We first ran into the predictive marketing startup Datatrics from the Netherlands at the PAPI’s Connect event in Valencia earlier this year, where they competed in the first ever AI Startup Battle. The Dutch startup offers marketing teams an easy and actionable way to leverage Machine Learning with its innovative data management platform, which we believe sets a great example for other startups in showing how BigML can add to their competitive edge and supercharge their growth. So we interviewed Bas Nieland, CEO and co-founder of Datatrics to find out more.
BigML: Congrats on your high score at the first ever AI Startup Battle. Can you tell us what was the motivation behind starting Datatrics?
Bas Nieland: Nowadays digital marketers are awashed with data due to the fragmentation of consumer attention on many more channels. Naturally, they are all looking for better ways to leverage all the data their companies collect, yet there is a big gap between what data can offer marketing teams and what marketers actually use. The main culprit is the fact that there is a perceived necessity of a team of data scientists and collaborating developers to make sense of all that data. Since the average small and medium sized marketing teams do not have access to such resources, new tools are needed to translate data into meaningful actions to optimize the digital customer journey.
‘An example of a 360 degree customer profile in Datatrics’
BigML: What is the lowdown on Datatrics? How does it help bridge that gap?
Bas Nieland: Datatrics was founded in 2014 and it currently has 10 employees in the Netherlands. We define ourselves as a data management platform (DMP) that helps marketing teams gain actionable insights. It is an easy and accessible platform that gives concrete insights and actions every marketer can understand. It allows marketing teams to build 360-degree customer profiles, based on internal data sources such as their CRM tools, social media accounts, websites and external data sources such as the weather, social trends and traffic information. By following the recommended Next Best Actions by Datatrics, marketing teams know exactly who to contact, at what time, with what content, and through which channel.
BigML: Can you tell a bit about how Machine Learning comes into play?
Bas Nieland: All of this is driven by smart algorithms applied to those data sources, which is powered by BigML’s Machine Learning platform, among other components that make up our platform. We especially love how BigML helps us to deploy many predictive models in a fast and scalable way by abstracting away the infrastructure level concerns needed to crunch the data. This way our product team can concentrate on the actual analytics tasks and development of the platform for our clients. BigML is also very user-friendly and has a well-documented API, which is very important if you want to go beyond simply gaining insights by deploying scalable predictive applications to your end users.
‘An example of a Next Best Action in Datatrics’

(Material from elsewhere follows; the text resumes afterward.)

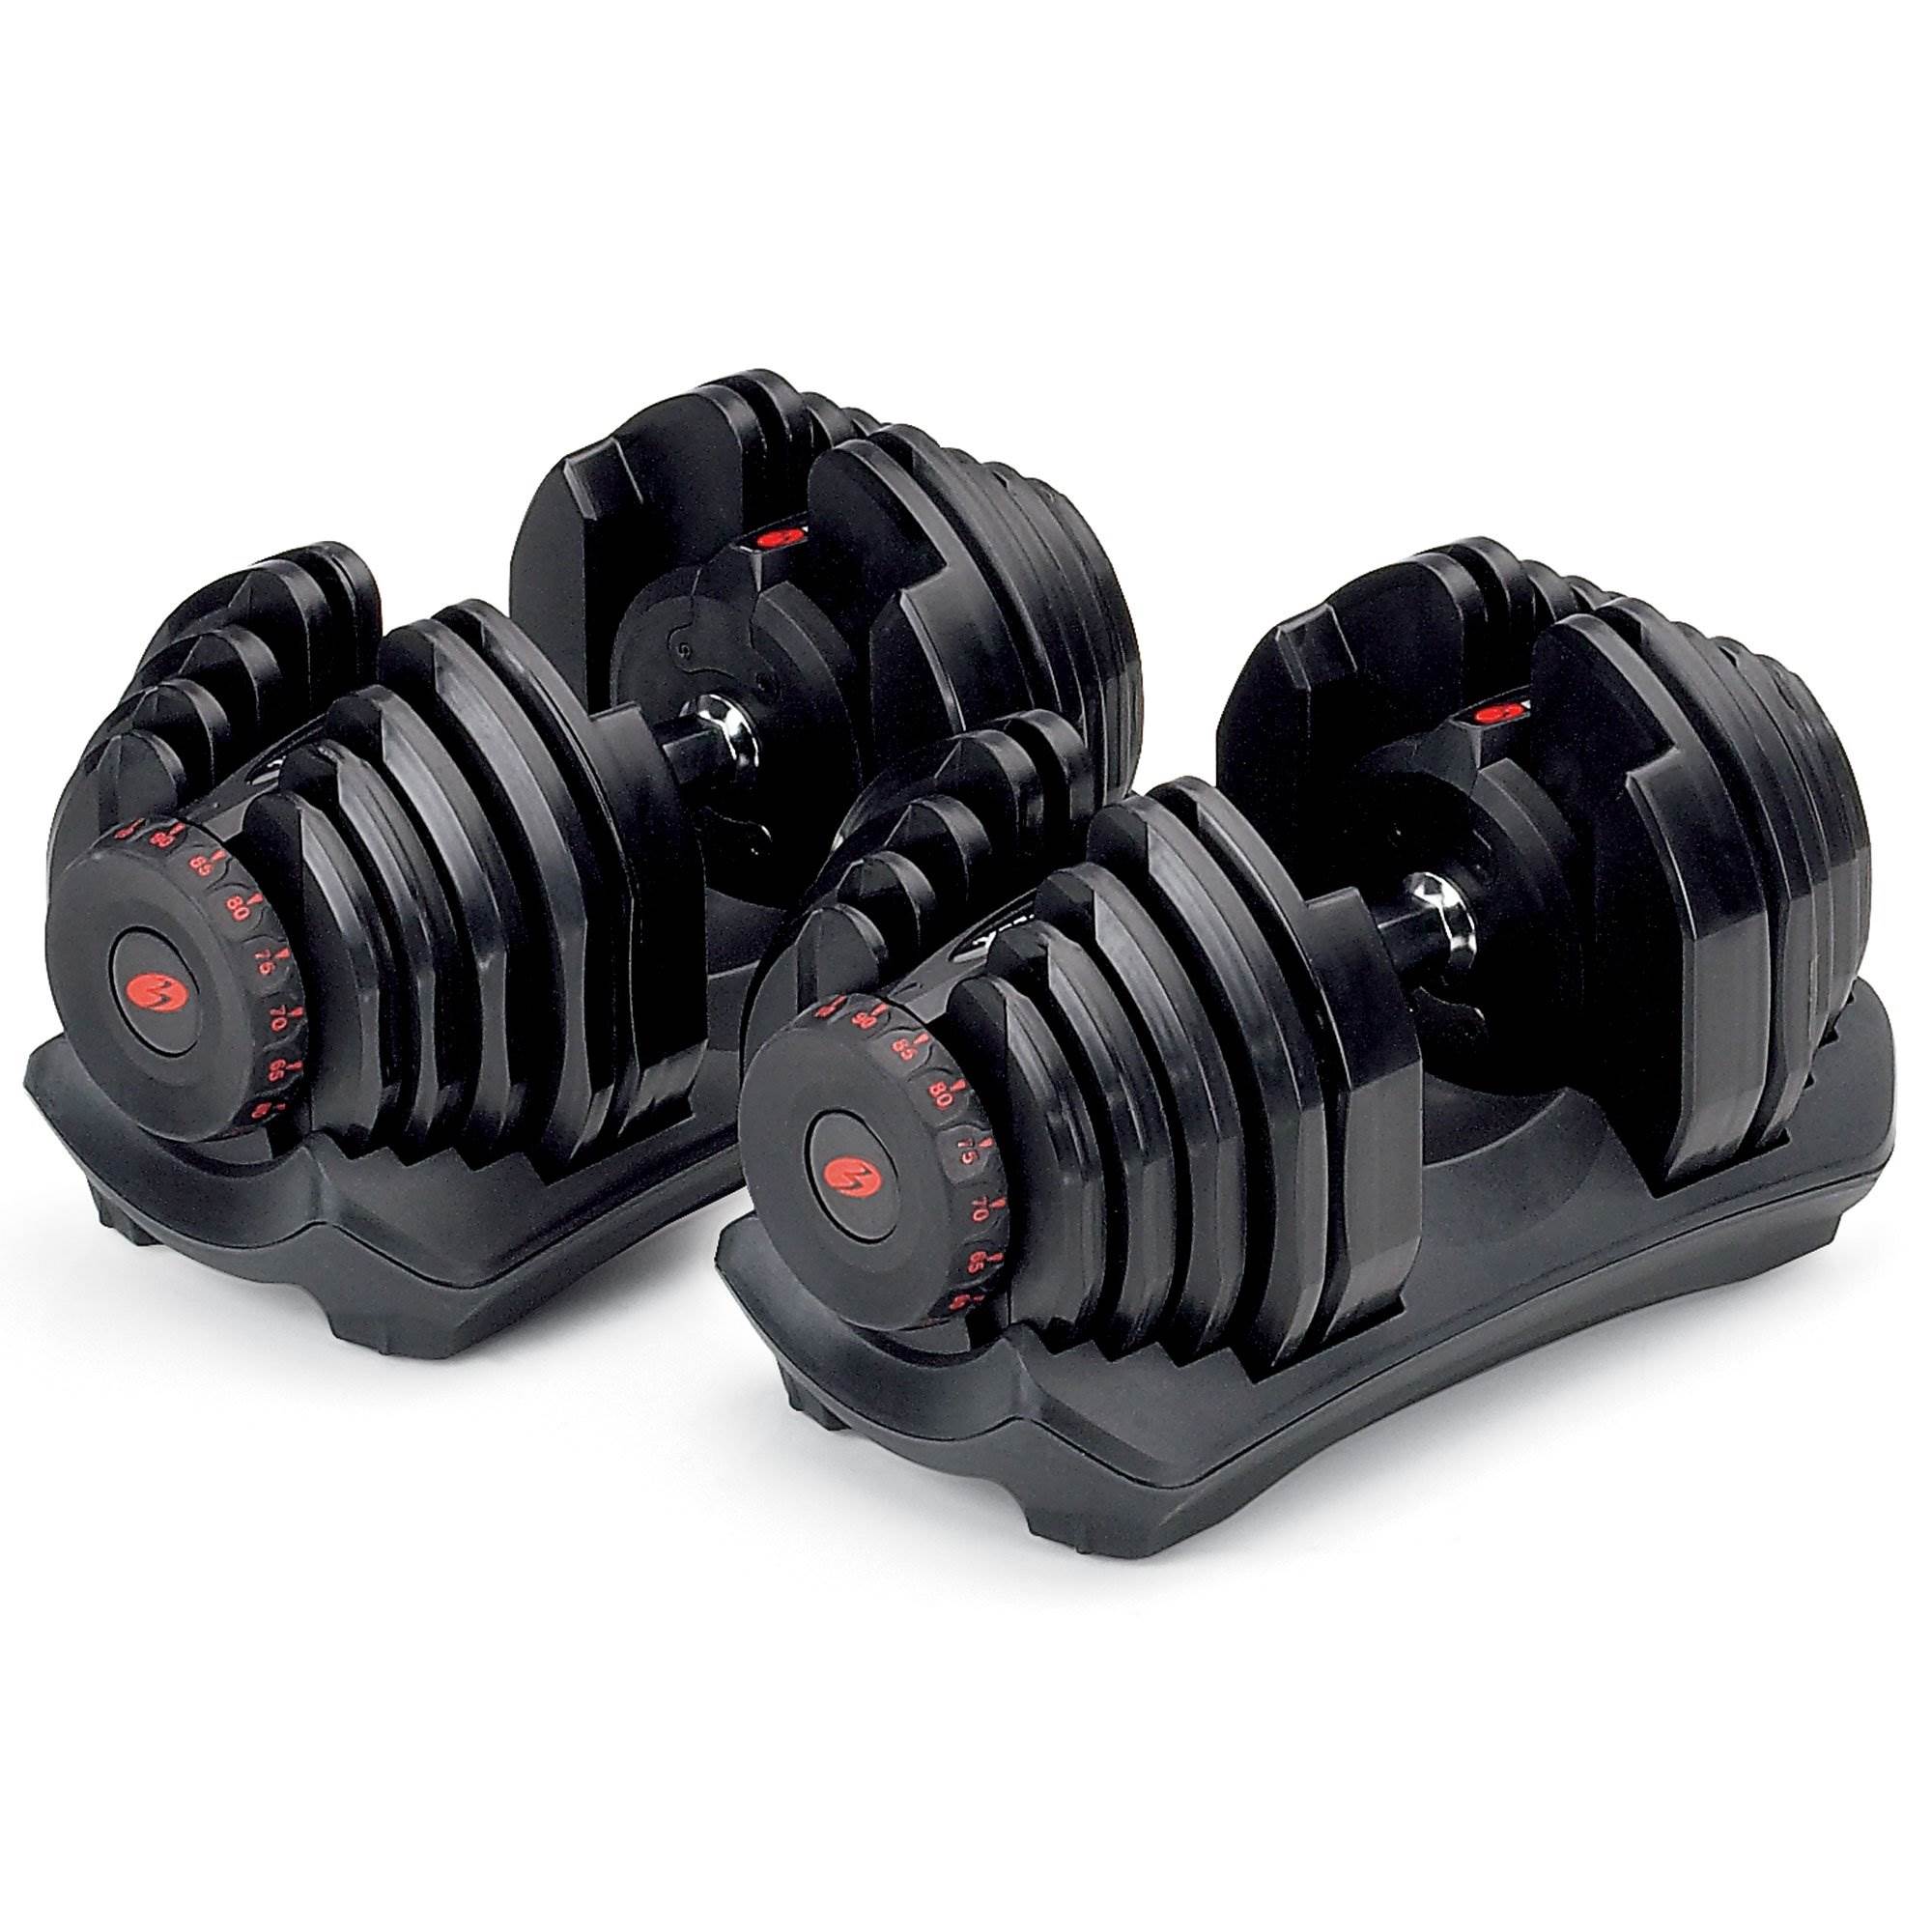 Bowflex SelectTech 1090 Adjustable Workout Exercise Dumbbell Weights, Pair - image 1 of 12

BigML: What are some of the predictive use cases you have and which other ones are you looking to add?
Bas Nieland: I already mentioned the Next Best Action models, which is a big benefit to our audience. We also are in the process of testing BigML’s ‘Associations’ functionality to see how it can benefit us. We believe it can make our product recommendations even more relevant.
BigML: Can you share specifics on customer traction and measurable business outcomes Datatrics have been delivering?

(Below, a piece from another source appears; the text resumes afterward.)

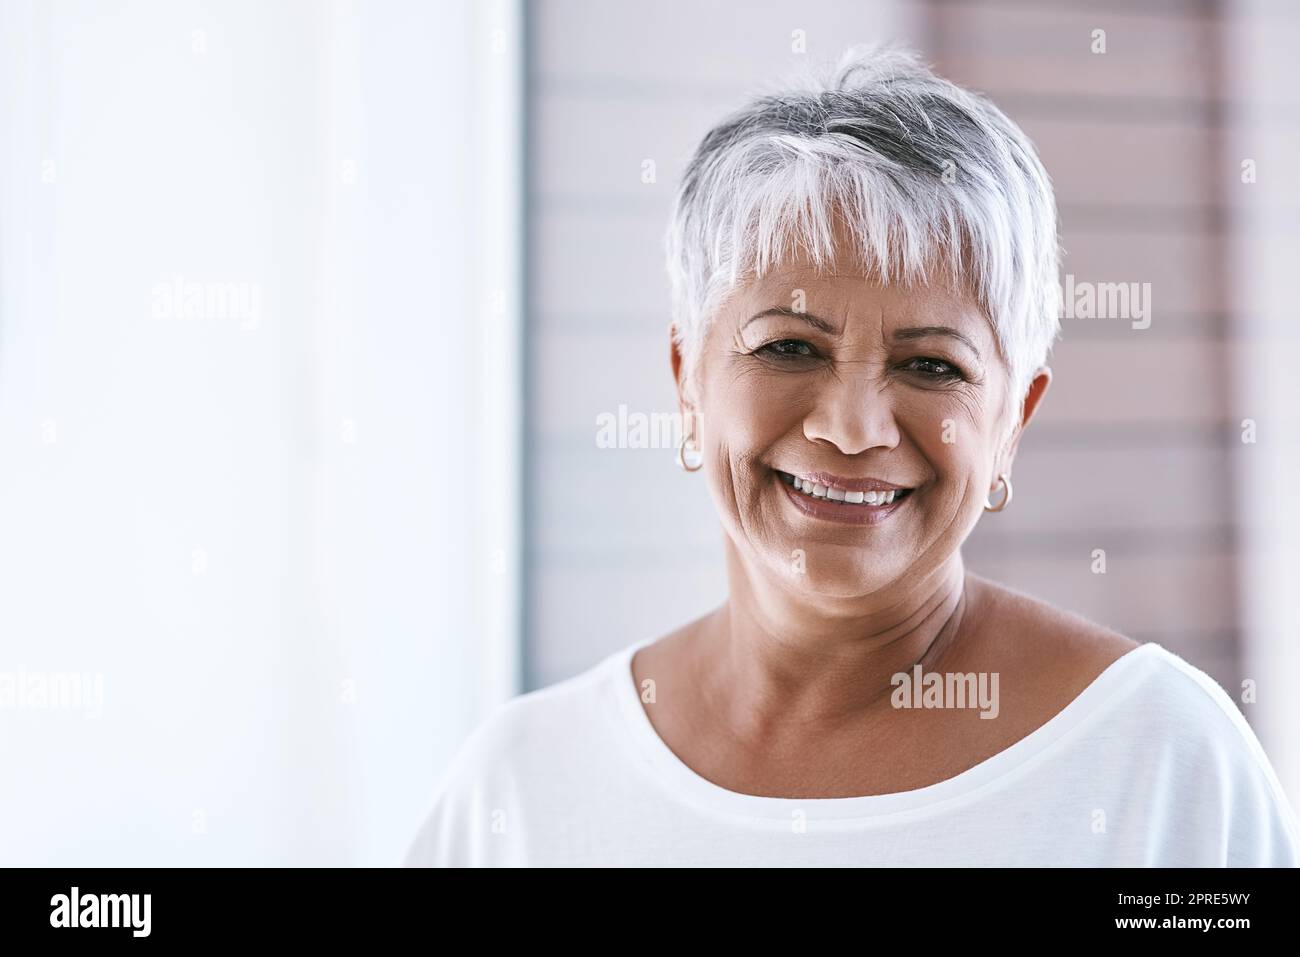 Portrait of smiling mature woman in empty room stock photo

Bas Nieland: We are seeing great uptake especially in retail and travel industries. Over the past year, we have noted a clear demand in the travel industry for DMPs such as Datatrics. As it is a highly competitive market, it is important for companies such as travel agencies and hotel chains to use customer insights from their data in order to communicate in a more personal and relevant way. Some of our customers have increased their revenue by as much as 30%!

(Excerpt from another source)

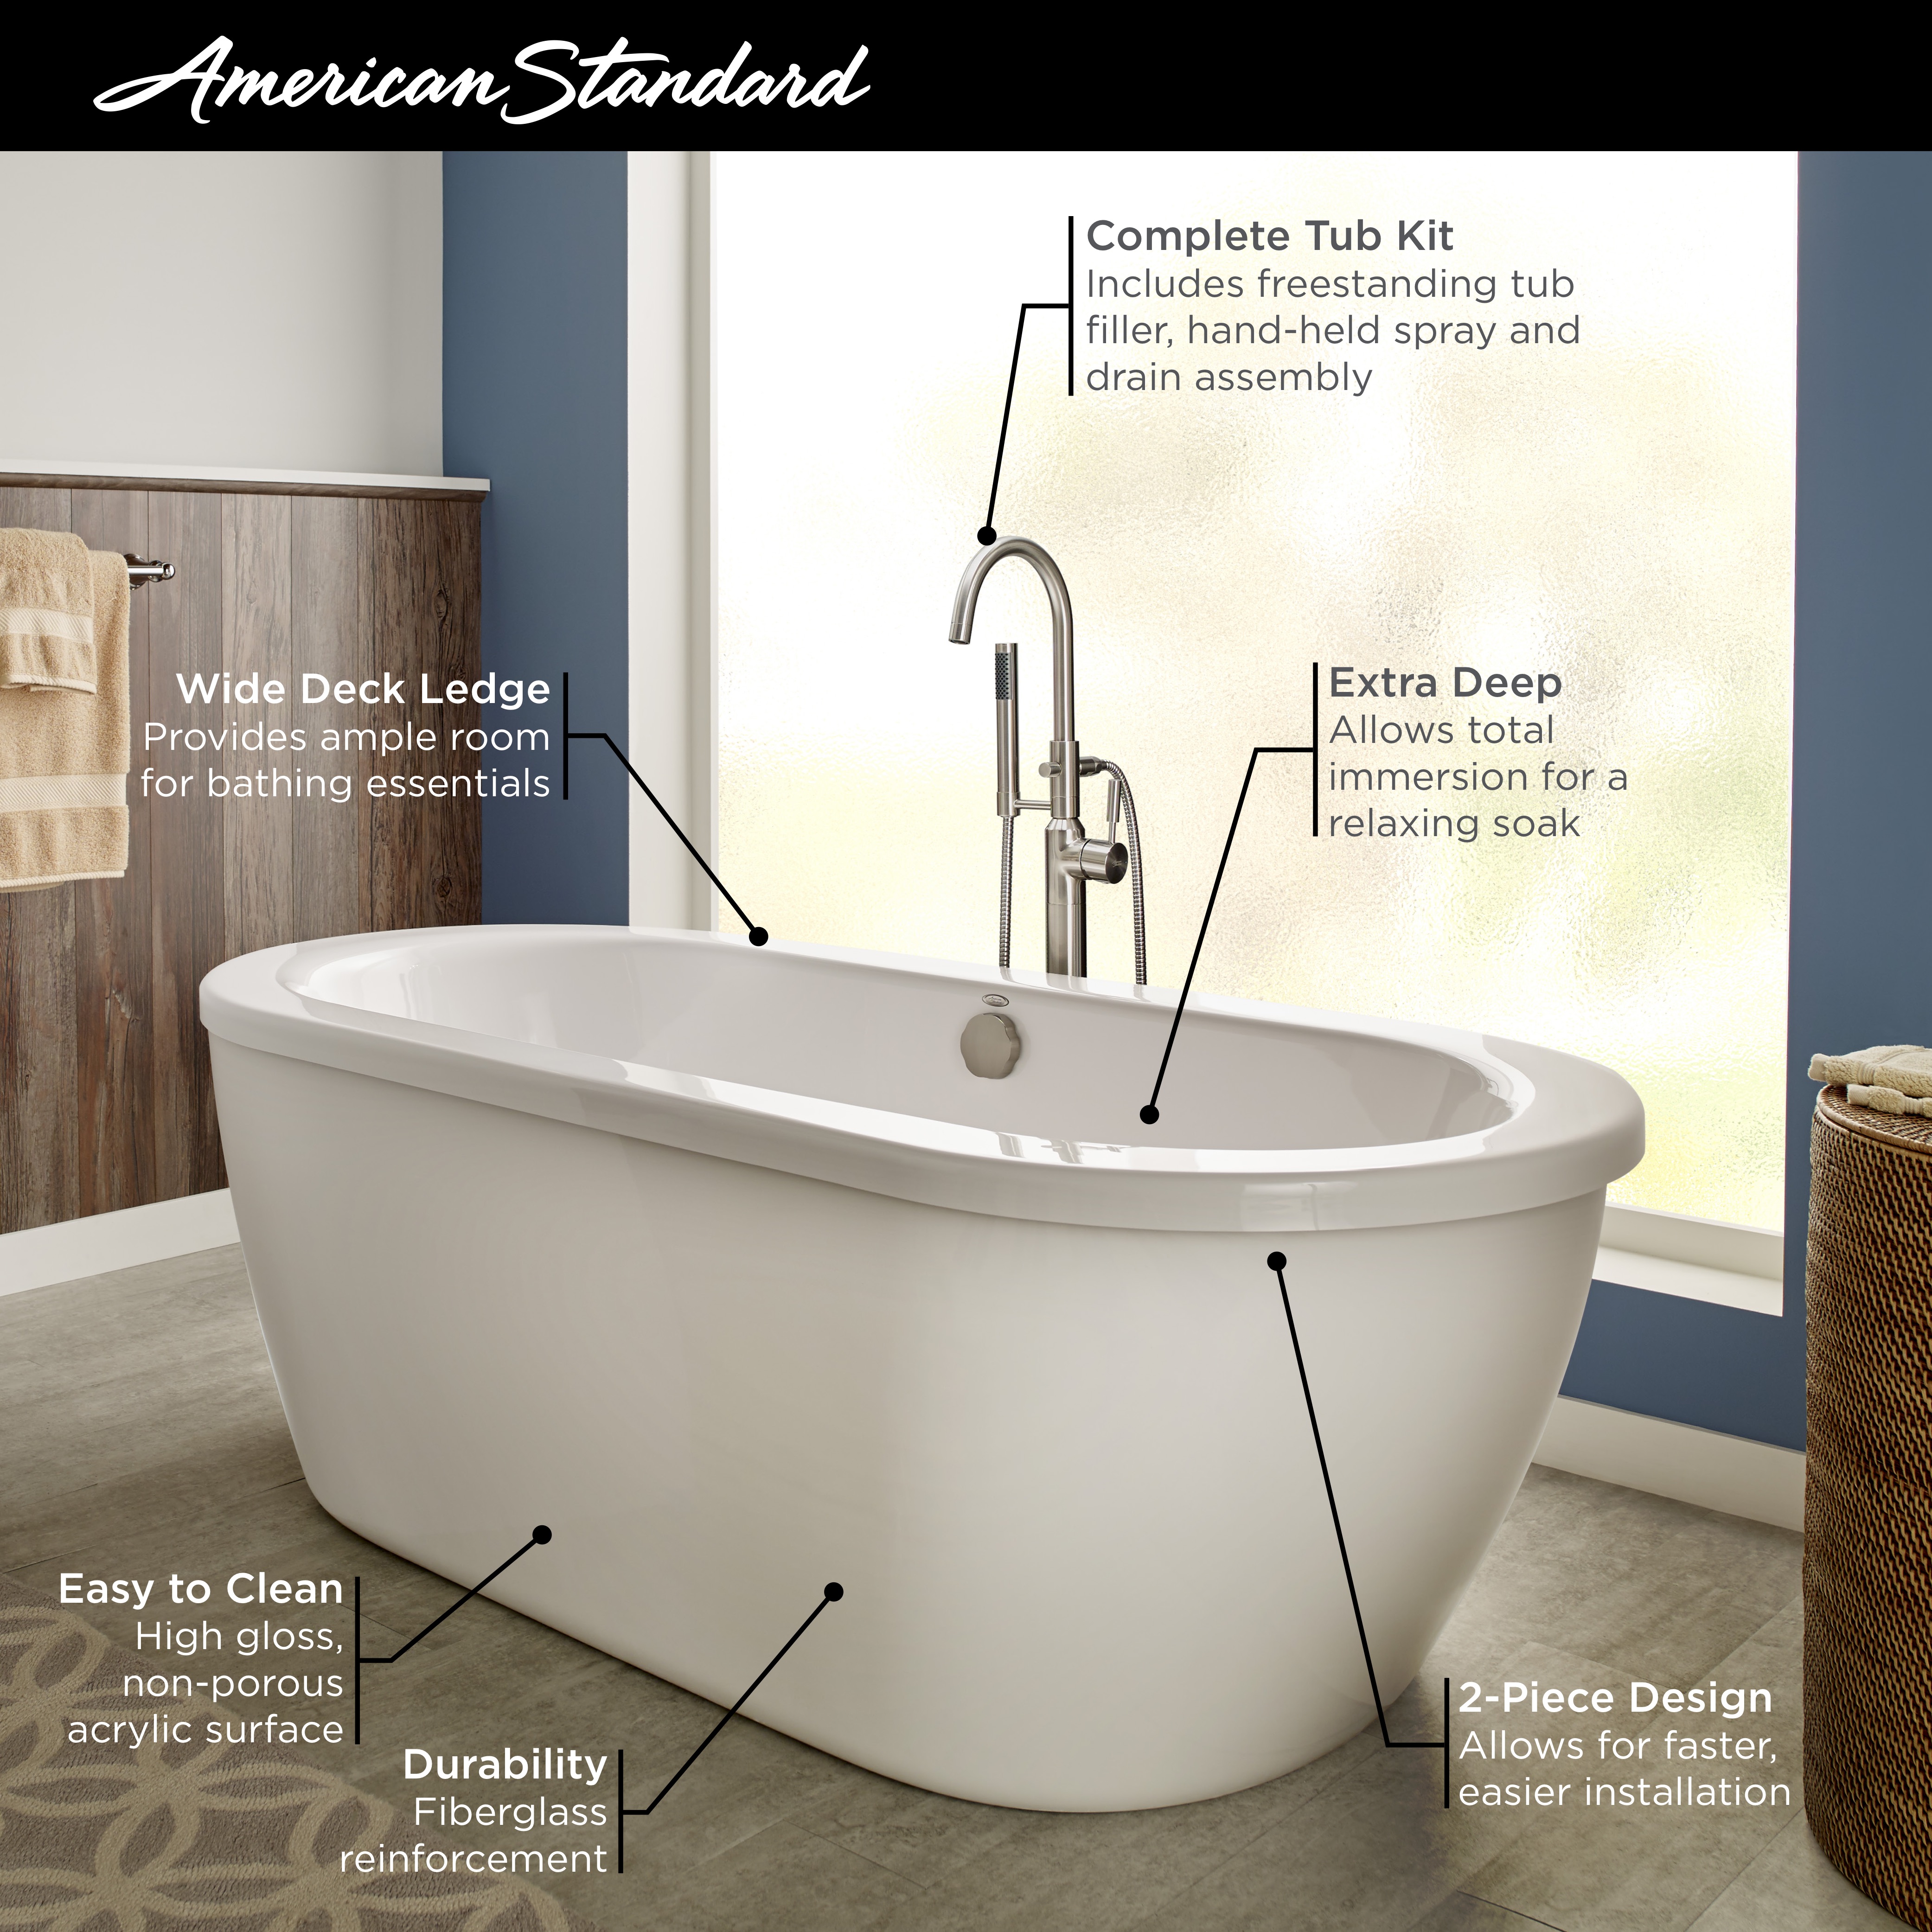 Cadet® 66 x 32-Inch Freestanding Bathtub With Polished Chrome Finish Filler and Drain Kit

BigML: That sounds great. What would you recommend other startups and self-starting developers that want to implement similar smart applications? Any key lessons learnt that you would like to share?
Bas Nieland: They should think hard before going the route of building their Machine Learning infrastructure from scratch. Provided that you have pertinent data, platforms like BigML can help you in building real world applications very fast while letting you get there at a fraction of the cost of hiring a new analyst. Of course our platform consists of many more components and there is not one solution that fits all, but a good Machine Learning platform such as BigML provides can get you a long way.
BigML: Thanks Bas. It is very impressive to see how you have been able to ramp up your Machine Learning efforts in such a limited time period despite constrained resources. We hope stories like yours inspire many more startups to realize that they too can turn their data and know-how into sustainable competitive advantages.